Tem replenish lung Trm: When input does not match output, lung-resident memory T cells decay
To provide insight into why lung Trm undergo attrition, the authors set out to determine how lung Trm are maintained. Using a mouse model of influenza virus infection the authors revealed that lung Trm required continual replenishment from the circulating memory CD8+ T-cell pool to persist. The gradual decay in lung Trm numbers resulted from an imbalance that occurred when the apoptotic loss of lung Trm was no longer matched by the replenishment from the circulating memory CD8+ T-cell pool. The authors showed that within the circulating memory CD8+ T-cell compartment, it was the effector memory CD8+ T cell (Tem) subset that migrated into the lung and differentiated into Trm. The loss of Tem from the circulating memory CD8+ T-cell compartment that occurred over time depleted the system of lung Trm precursor cells, and this underlies the decay of lung Trm (Figure 1). Importantly, the authors showed that by simply boosting Tem numbers they could prolong the longevity of the lung Trm pool.

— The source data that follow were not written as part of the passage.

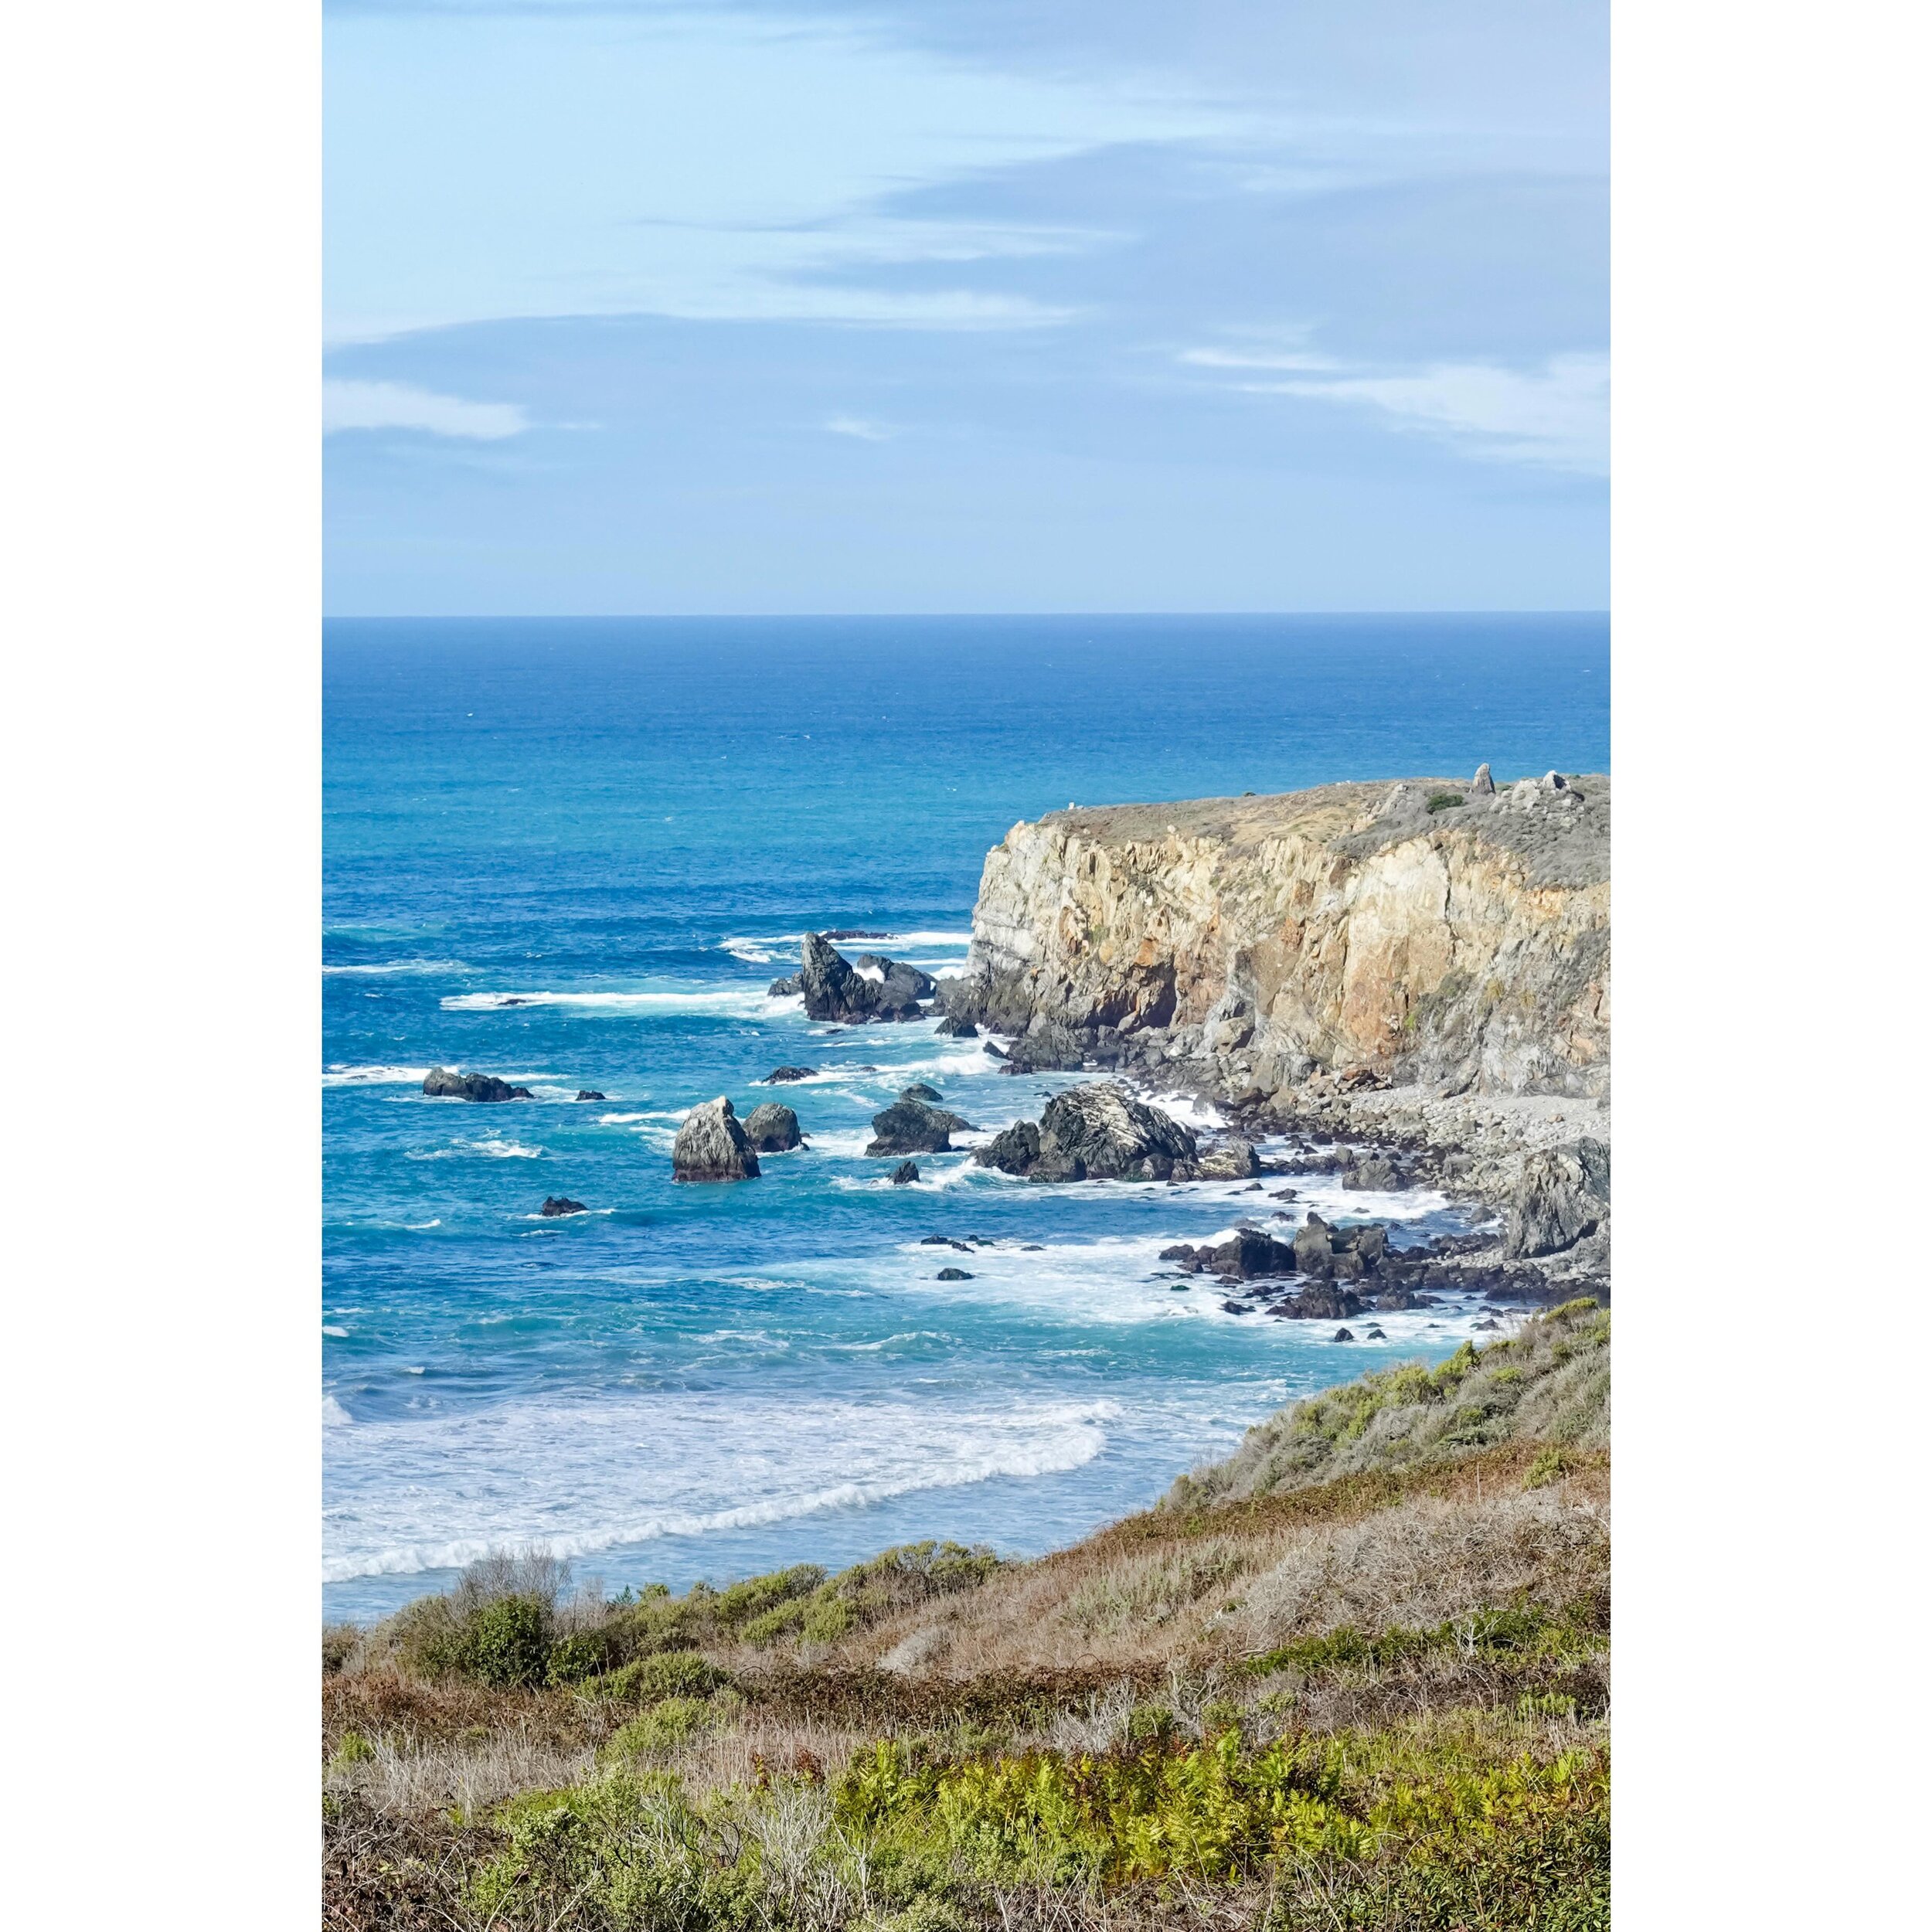 📍 Big Sur, CA USA 
Highway 1 - Take your sweet time and make spontaneous stops along the way to take a hike and snap a few photos.
.
.
.
.
.
#bucketlist #roadtrip #bigsur #california #adventure #roadtrippingusa #travel #vacation #nature #oceanview #

Slutter et al. made the interesting observation that circulating Tem infiltrated into the lung and differentiated into lung Trm more effectively following transfer into mice recovering from a prior influenza virus infection compared to that observed following transfer into naive recipients. These data suggest that prior infection within the lung conditions the tissue microenvironment, making it more permissible for lung Trm generation. The authors examined the factors within the previously infected lung tissue that promoted the development of lung Trm; specifically they addressed the role of residual antigen within the lung tissue and the local cytokine milieu.
Influenza viral antigen is known to persist within the lung for many months after the clearance of the acute infection.3,4 To investigate if residual influenza antigen in the lung facilitated the maintenance of the lung Trm pool, Slutter et al. transferred transgenic Tem into mice that were previously infected with an influenza virus strain that encoded either the cognate epitope recognized by the transgenic Tem pool or the parental strain of influenza virus, which did not encode this epitope. As the proportion of Tem that converted into Trm within the lung in both cohorts were equivalent, the authors ruled out the requirement for local antigen recognition in the maintenance of the lung Trm pool.
The presence of antigen within the tissue microenvironment does have a profound impact on CD8+ Trm formation.